Looking at the U.S. market from a fundamental perspective, concerns about a slowdown in the global economy due to the spread of the new coronavirus, the lack of creditworthiness of banks in the EU and the political situation, the trade friction between the U.S. and China, and problems in North Korea have receded, but risk factors include interest rate hikes in the U.S., rising long-term interest rates, rising oil prices, turmoil in financial markets due to the bursting of the real estate bubble and credit crunch in China, and geopolitical risks in the Middle East and Ukraine and East Asia.

 

Recent LIBOR rates have been on an upward trend and require continued attention.
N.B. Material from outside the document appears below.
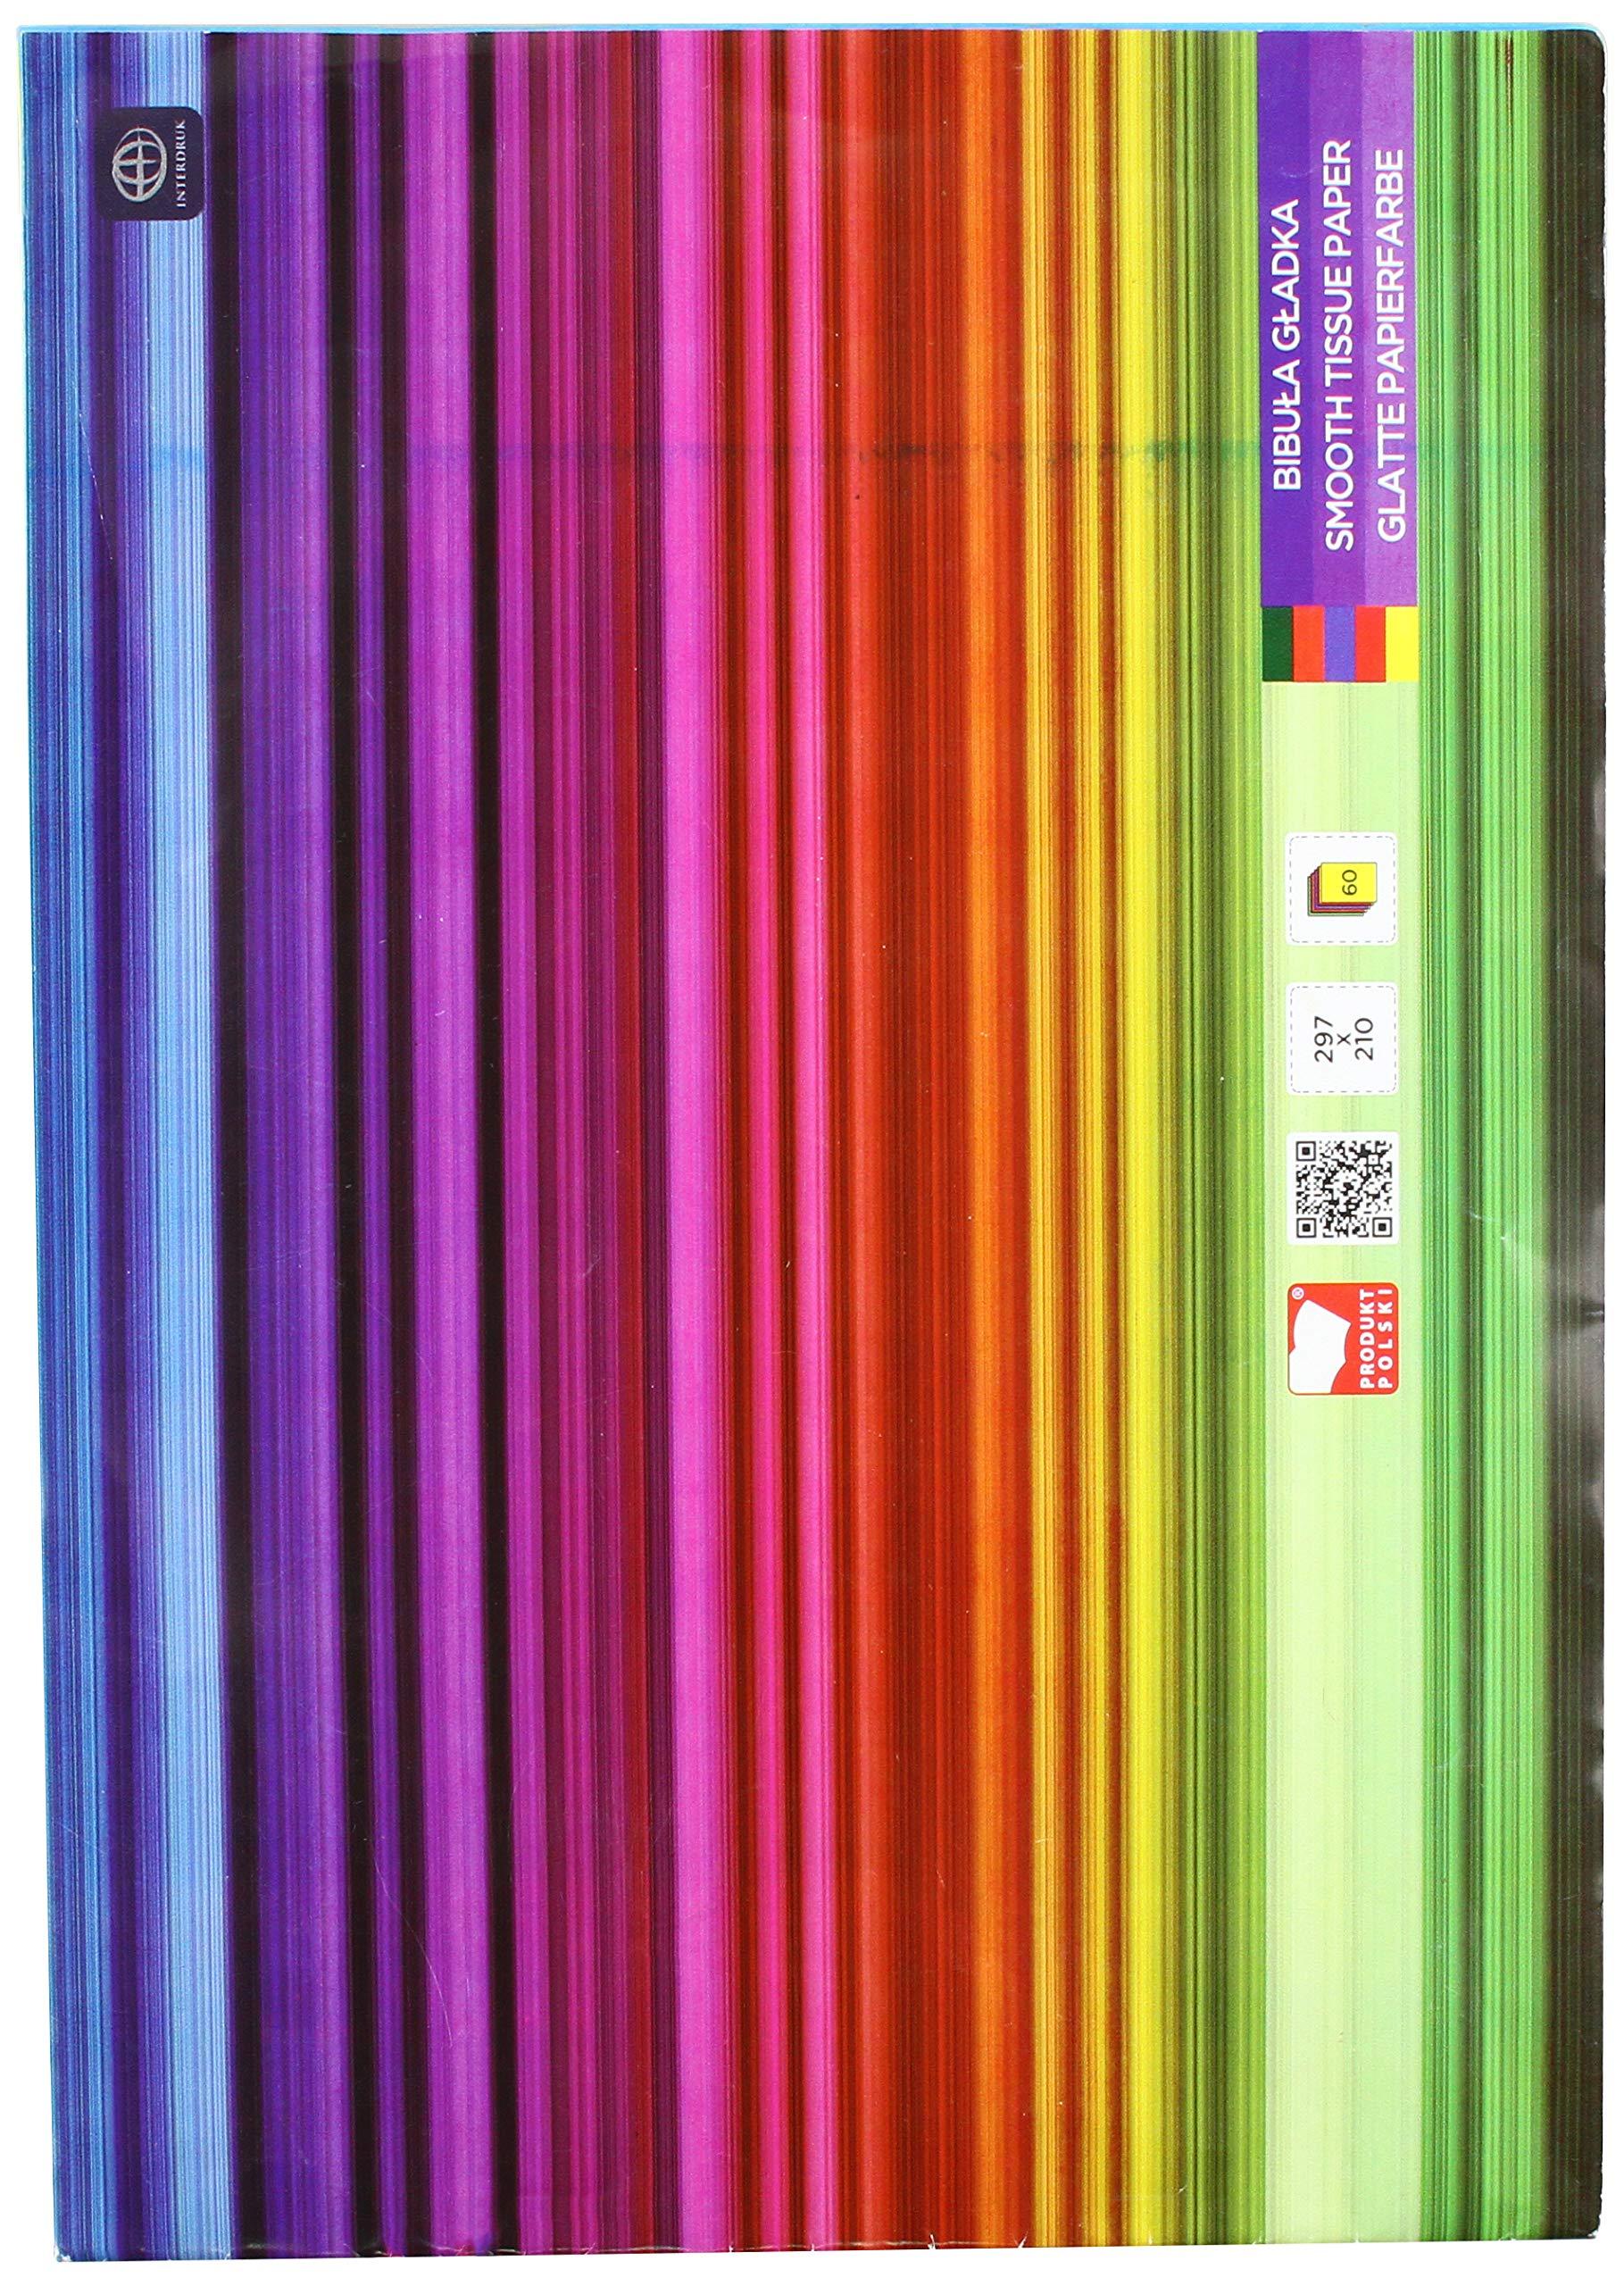 Interdruk BIZESZYT Tissue Paper (Exercise Book A4 60), Multi-Color by Interdruk

Even in March 2020, the LIBOR rate rose despite a decline in short-term interest rates, raising awareness of the possibility of renewed financial instability.

 

On the other hand, favorable factors include large-scale economic measures by the US government. In addition to the Bank of Japan's monetary easing measures, including the setting of a 2% inflation target, the introduction of negative interest rates and unlimited purchases of government bonds and ETFs of up to 12 trillion yen, there are also economic measures by the Japanese government. In addition, the EU's establishment of a 92 trillion yen Corona Recovery Fund and the ECB's deepening of negative interest rates and continuation of quantitative easing. However, the ECB and the Fed have decided to reduce their bond purchases and are looking for a time to raise interest rates.

 

From a technical standpoint, the U.S. market is in a medium-term no trend and a short-term no trend. The Japanese market is in a medium-term down trend and in a short-term down trend.

 

An analysis of the currency markets shows that the yen was moving gently higher in 2020, but has reversed course to weaker in 2021. This week, we expect the yen to be in the range of 115 to 116yen.

 

This week, the U.S., China, India, and Brazil will release their inflation rates for December, while GDP for the U.K. and Germany, and industrial production for the U.S., Eurozone, India, and Mexico will be in focus. Other important data include retail sales and consumer confidence in the US, current account balance and producer prices in Japan, and trade balance and retail sales in Australia.

 

Last week, the Nikkei 225 fell below the expected range. The upper price matched the assumed line and the lower price was about 310 yen below the assumed line. The expected range of the Nikkei 225 for this week is between the upper Bollinger Band +1σ (currently around 28990 yen) and the lower Bollinger Band -2σ (currently around 27820 yen).

 

This week will be a critical time for the market to bounce back to or below the lower limit of the triangle.